She still does not move. He tries again.
"You should be resting."
"I have trouble sleeping," she almost retorts.
Silence, again. The pipe organ should fill in this space.
"How so?" he asks, and he knows he should not pry. "Was it my music that disturbed you?" He had played the violin in the other room just moments ago, and was preparing to rest for the day. He was not aware that the Guarneri could carry on through the walls as the organ did.
She shakes her head, looking down at the floor. "No, it wasn’t that."
"Ah."
She is averting her gaze, and his mind tumbles into that abyss of dark thought. She loathes you, and loathes how you look, that face of yours which could not belong to any man at all. But not four days ago had she burned his mask, and they watched with a sombre silence as the porcelain melted into liquid ash into the embers of the fireplace within the Louis-Philippe room. She had not said a word, that evening, and went straight to bed. He had thought she was asleep, and if she had been, it may have been the first night that she slept in his home.
And he still remains unsure. It was nearing a count of two weeks.
"This place is…very isolating," she comments again, as if to fill in the space they left behind.
"I had been able to manage thus far," he replies, absentmindedly. "Though your company has made me realise that the sudden absence of my self-inflicted solitude can be worthwhile."
"Oh."
A pang of fear hits him. He did not mean to have such a deep truth escape him, and he clambers for a salve to his embarrassment, but she responds to him first.
"Even after…?" And she looks at him now, across the dark; though they remain a few paces away, he feels as if she is standing right before him.
He gulps. Even after I’ve seen your face? Even after I took your soul, and tore it apart?
"Even after that." To see her again, for another day more, he would have his soul shattered and put together over and over again.
Her expression is unreadable. His eyes must have said everything that his words could not say, for she fumbles with the cloth of an old nightgown (and it still puzzled him why she still wore it, when he had bough her a plethora of clothing to suit her needs for as long as she stayed here) and struggles with her words as he did with his own. It gives him some comfort.
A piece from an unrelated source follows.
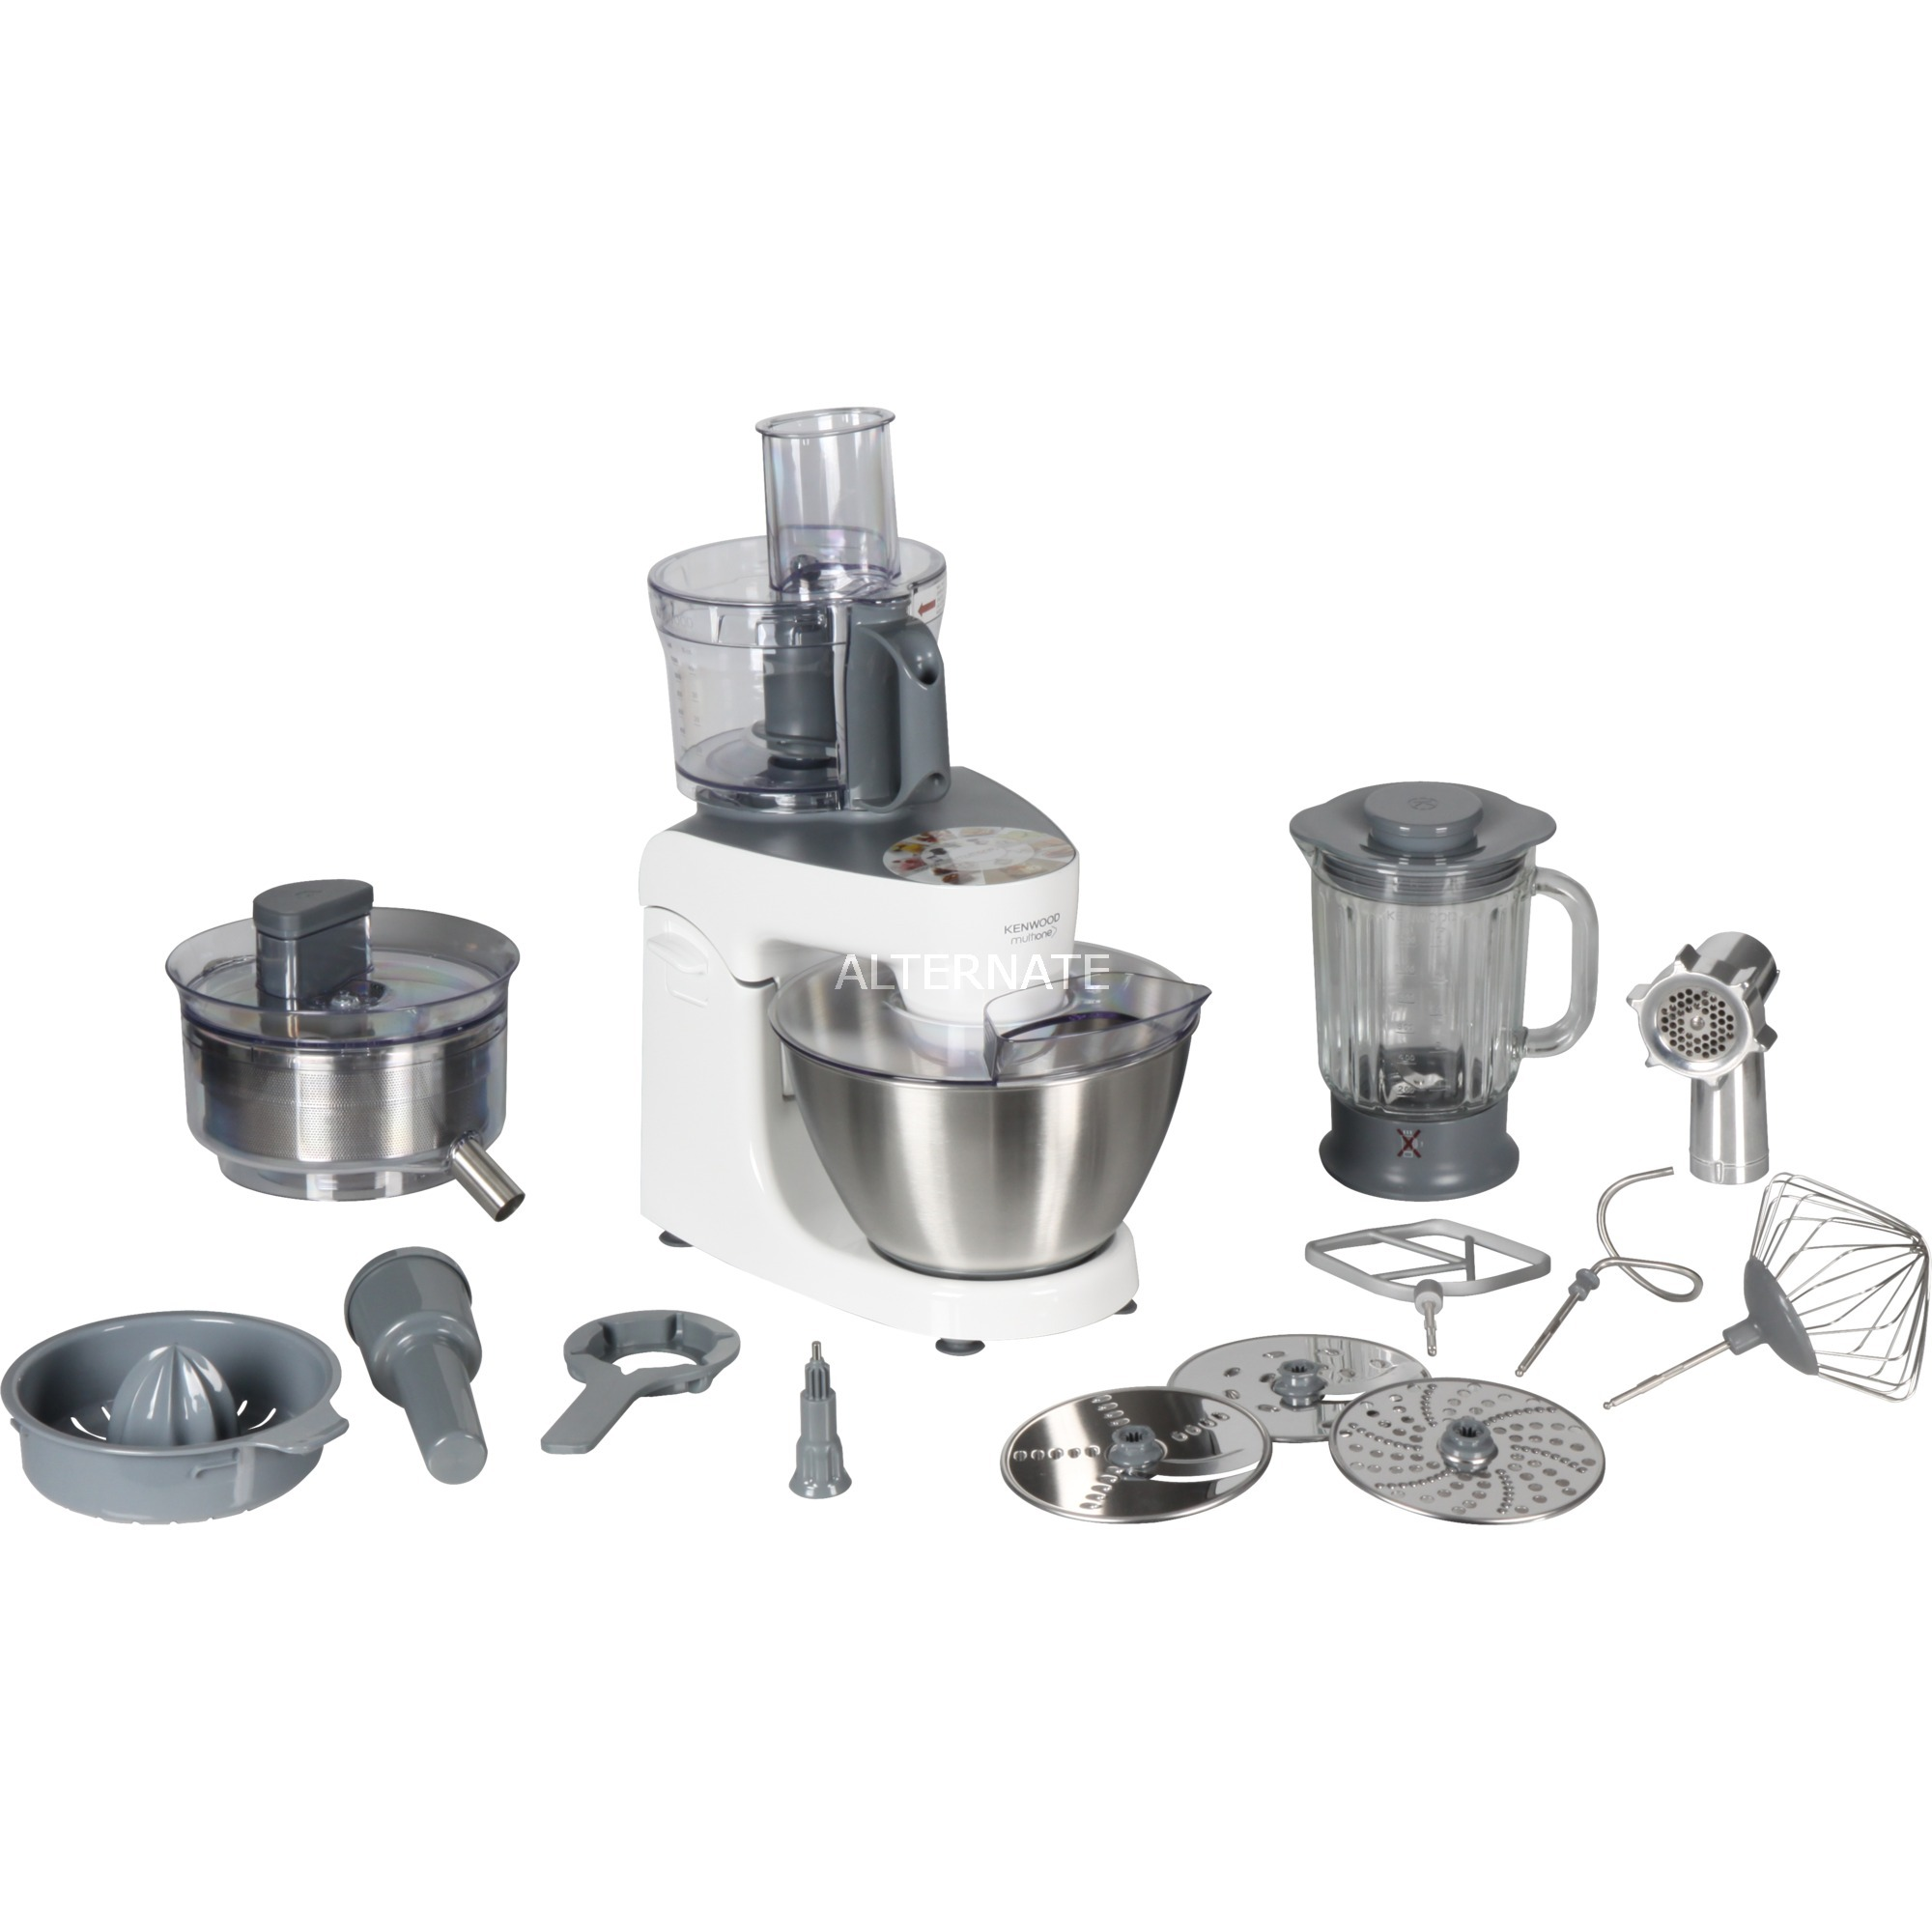 MultiOne robot da cucina 4,3 L Argento, Bianco 1000 W (bianco, 4,3 L,  Argento, Bianco, Manopola, Acciaio inossidabile, 1000 W, 290 mm)

"Can you stay with me?" she asks. "Just for tonight."
A shot of a thrill lances through his chest, and he is puzzled before he is left wanting. "Stay…with you?" he parrots dismally, as if the words did not leave her and would be better with him.
"I would mean just stay with me, as in, keep me company," she clarifies, obviously flustered; she sighs, and that nervousness releases itself as he approaches her carefully. "It’s very lonely here, Erik, and it scares me. And I thought maybe having someone with me wouldn’t make it seem so frightening."
He pauses to regard her, and it does not feel right for her to ask this of him. How much had he robbed of her, and how much has he yet to take away? What pitying, horrid creature is he to ruin something he loves so horribly?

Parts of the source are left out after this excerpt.